Et à juste titre... en effet, si je devais ne
citer qu’une seule espèce emblématique des Kerguelen, ce serait bel et bien
l’éléphant de mer que je choisirais. Car il est omniprésent, aussi bien par
l’abondance de sa population, du fait son impressionnant gabarit qui ne passe
pas inaperçu, de par la puissance de ses
vocalises qui, durant l’été, viennent joliment fleurir le silence de jour comme
de nuit, mais aussi par l’importance que cette espèce a représenté dans
l’histoire récente des Kerguelen.
Si j’ai mis tant de temps à m’atteler la rédaction d'un
message sur cet animal exceptionnel, c’est qu’il m’aura fallu autant de mois
passés ici depuis mon arrivée, non seulement pour réaliser l’importance de
cette créature à l’allure si pataude et inesthétique, mais aussi et surtout pour
en apprendre suffisamment pour tenter de vous en présenter une image la plus
fidèle. Et pourtant, je suis bien loin de prétendre connaître tout de nos
encombrants, bruyants et odorants voisins : quand bien même je serais
parvenue à recueillir tout le savoir de Guillaume, notre nouveau PopEléph
arrivé à OP2, que je ne pourrai toujours pas prétendre « connaître et
comprendre l’éléphant de mer », et pour cause, les biologistes actuels
sont encore bien loin d’avoir tout découvert sur ces incroyables créatures.
Et Guillaume justement, m’a offert récemment la possibilité
de lever un peu plus le voile sur la vie cachée de l’éléphant de mer austral.
Guillaume, c’est notre pacha à nous. Un géant barbu au regard aussi doux que
son caractère, aussi fasciné par son sujet d’étude que par son yukulélé (qui
semble d’autant plus petit que ce jeune
homme frôle les 2m de haut !). Marchant dans l’immense ombre de notre
nouvel ami, me voilà donc en route pour la pointe Morne, pour une semaine
d’aventure au pays des éléphants de mer.
Classe :
Mammifère – Genre : Phoque – Nom de code : Mirounga leonis
Parmi toutes les espèces de phoque, l’éléphant de mer
austral est le plus grand de tous – les mâles adultes, mesurant 3 à 6 mètres de long, pèsent de 1 à 4 tonnes ! La différence est très marquée avec les
femelles dont le poids n’excède pas les 500kg pour 2m70.

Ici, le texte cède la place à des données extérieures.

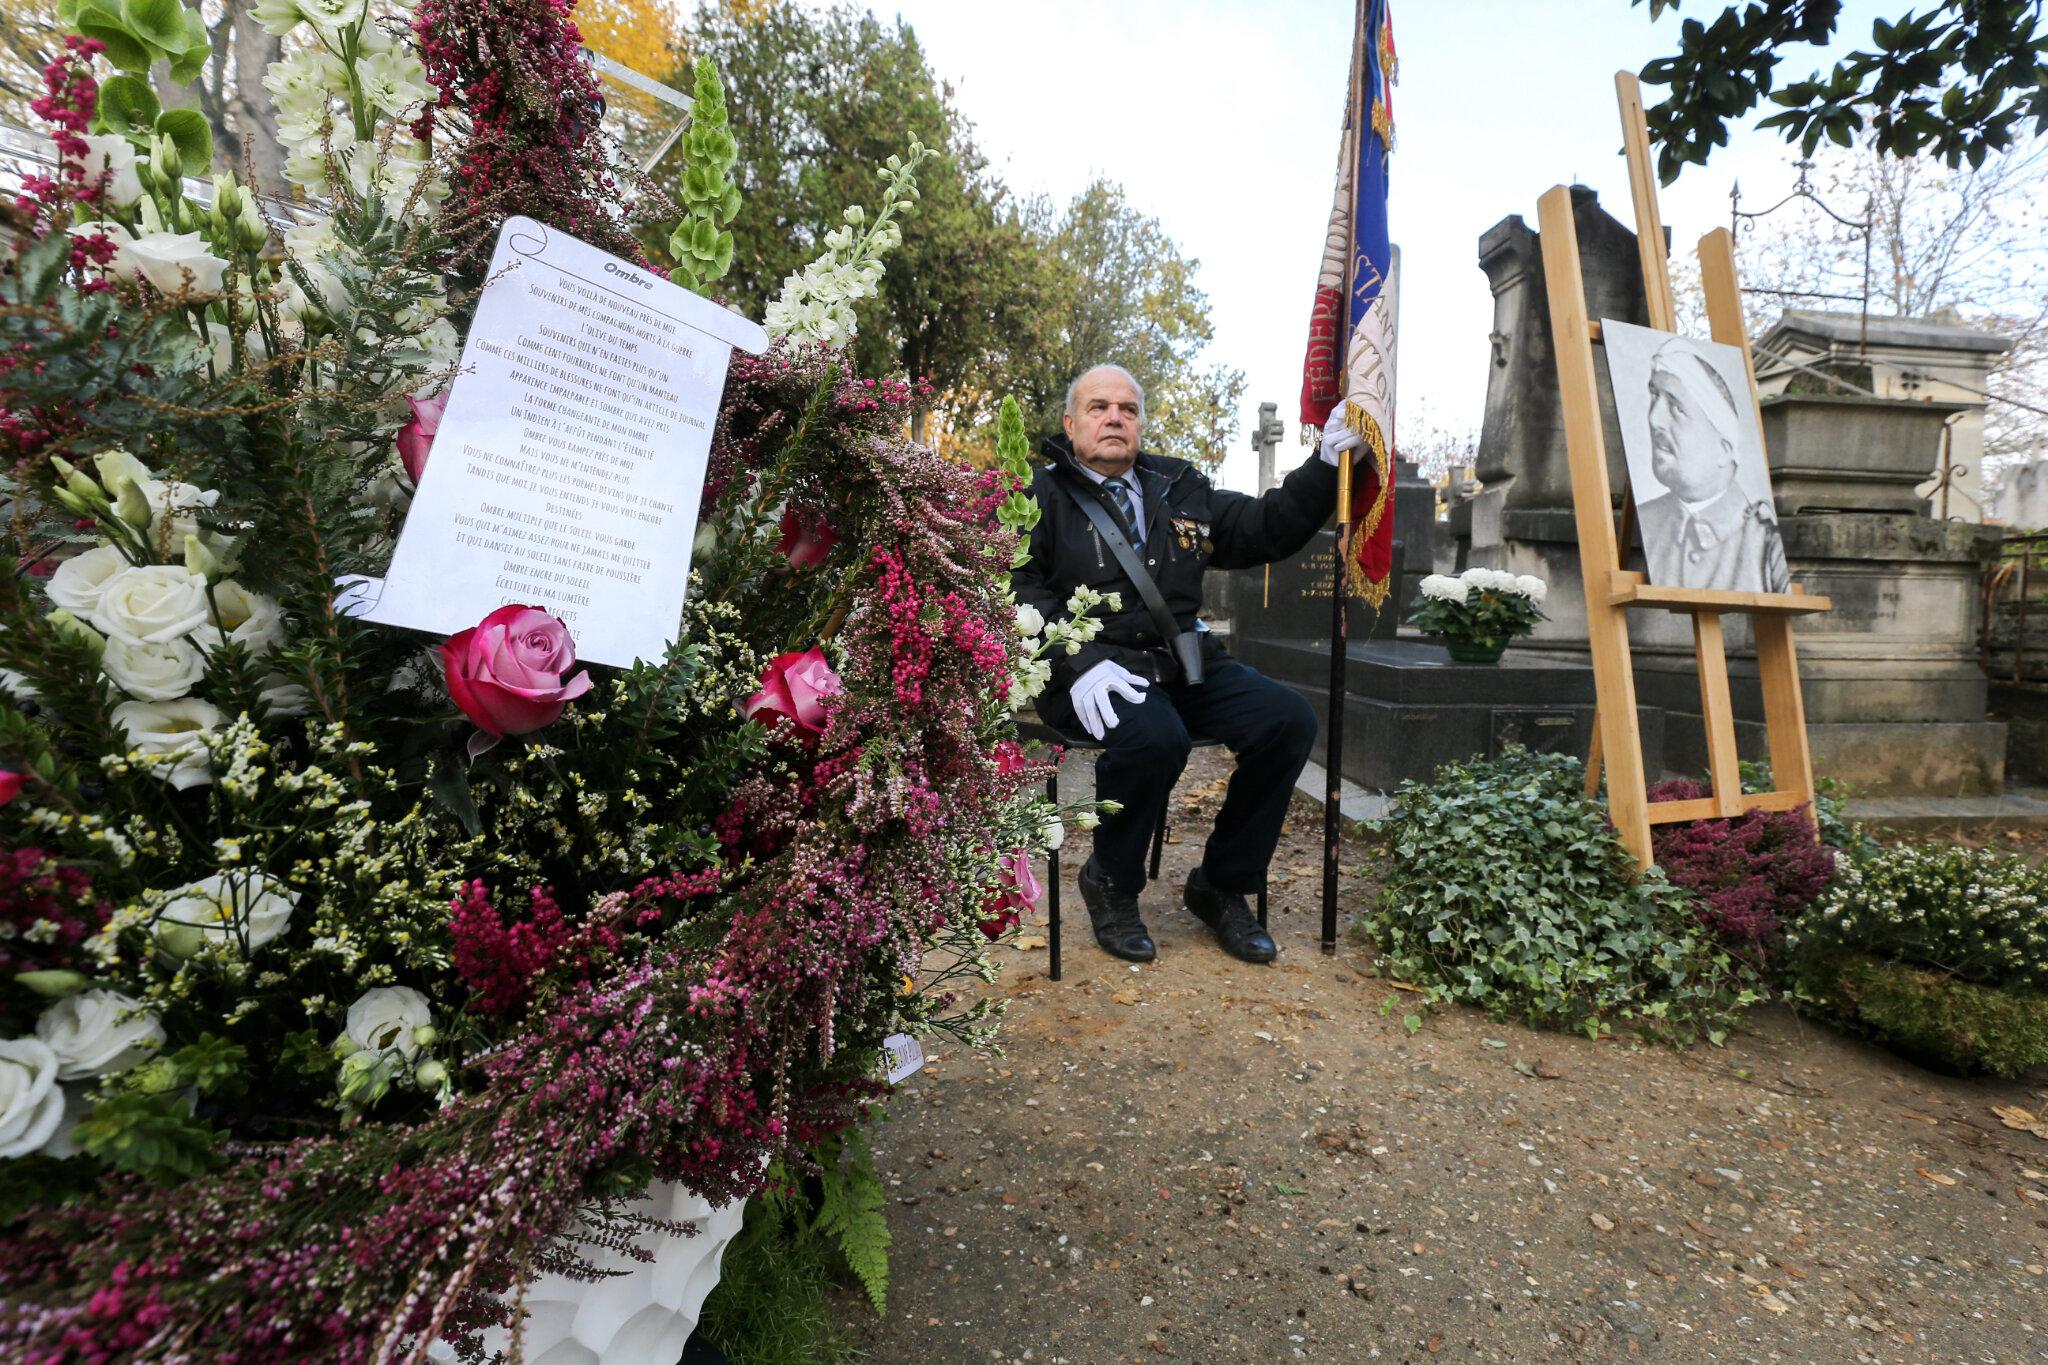 Hommage à Guillaume Apollinaire au Père Lachaise. © Michel Stoupak. Jeu 08.11.2018, 10h27m03.
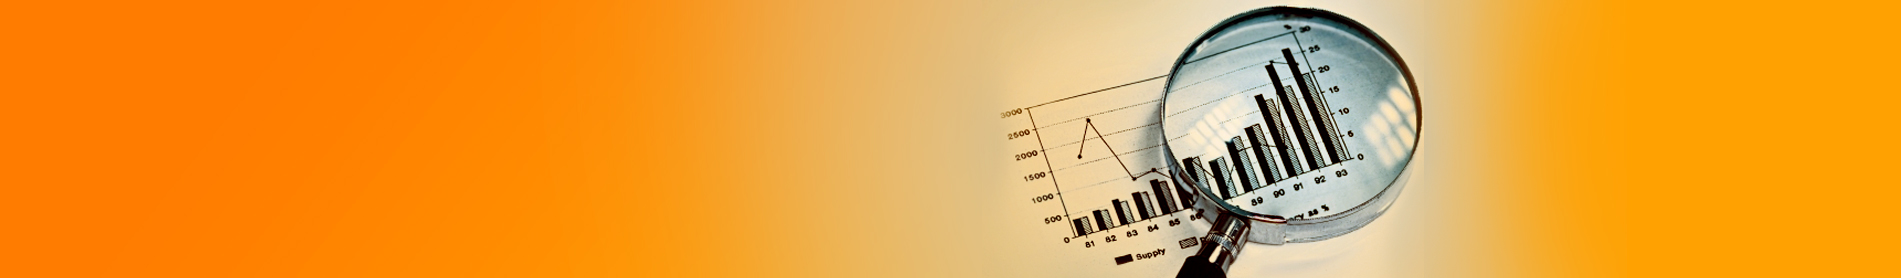 [:pl]wykres[:en]graph

Un rapport de force légèrement inégal
Pour donner une échelle
(sachant que les deux humains sont plutôt grands, et cet éléph plutôt petit)
L’autre distinction entre les deux sexes, et qui lui a valu
son nom d’ « éléphant » de mer, est le volumineux museau
retombant devant sa bouche telle une courte trompe – celle-ci lui sert de
caisse de résonnance lorsqu’il rugit (ou éructe) afin d’affirmer sa puissance
et son autorité sur le harem
Pas content !
Car – et ça en fera sans doute rêver certains – l’éléphant
de mer est polygame. En effet, durant les périodes de naissance de reproduction
et de mue, les éléphants de mer se rassemblent sur les plages en groupe d’une
cinquantaine d’individus, toutes des femelles, sur lequel règne un grand mâle
dominant. Une dizaine de mâles « célibataires » occupent l’espace
autour du harem, tentant parfois de saisir une femelle un peu isolée ou avant
qu’elle ne rejoigne la mer, ou pire viennent affronter le mâle dominant afin de
le détrôner. Cela donne lieu à d’impressionnants combats dans lesquels les deux
créatures de plusieurs tonnes chacune se redresse sur le partie postérieure de
leur corps – afin de faire montre de leur puissance – éructent et rugissent,
avant de se précipiter l’une contre l’autre, frappant à coup de tête, de torse
et de dents.
Combat de jeunes mâles adultes
(photographie de Philippe Rouault - chef météo 62)
Joute nautique sous l'arbitrage du Mont Ross
Un combat ne dure jamais longtemps : la plupart du temps, il
s’achève avant même d’avoir commencé, le rugissement du mâle dominant suffisant
à dissuader l’adversaire plus « maigrichon » (tout est relatif). Mais
lorsqu’ils doivent en venir aux… nageoires, les deux partis en ressortent
généralement le corps lacéré de plaies profondes qui laisseront
d’impressionnantes cicatrices (il paraît que ça fait craquer les femelles…).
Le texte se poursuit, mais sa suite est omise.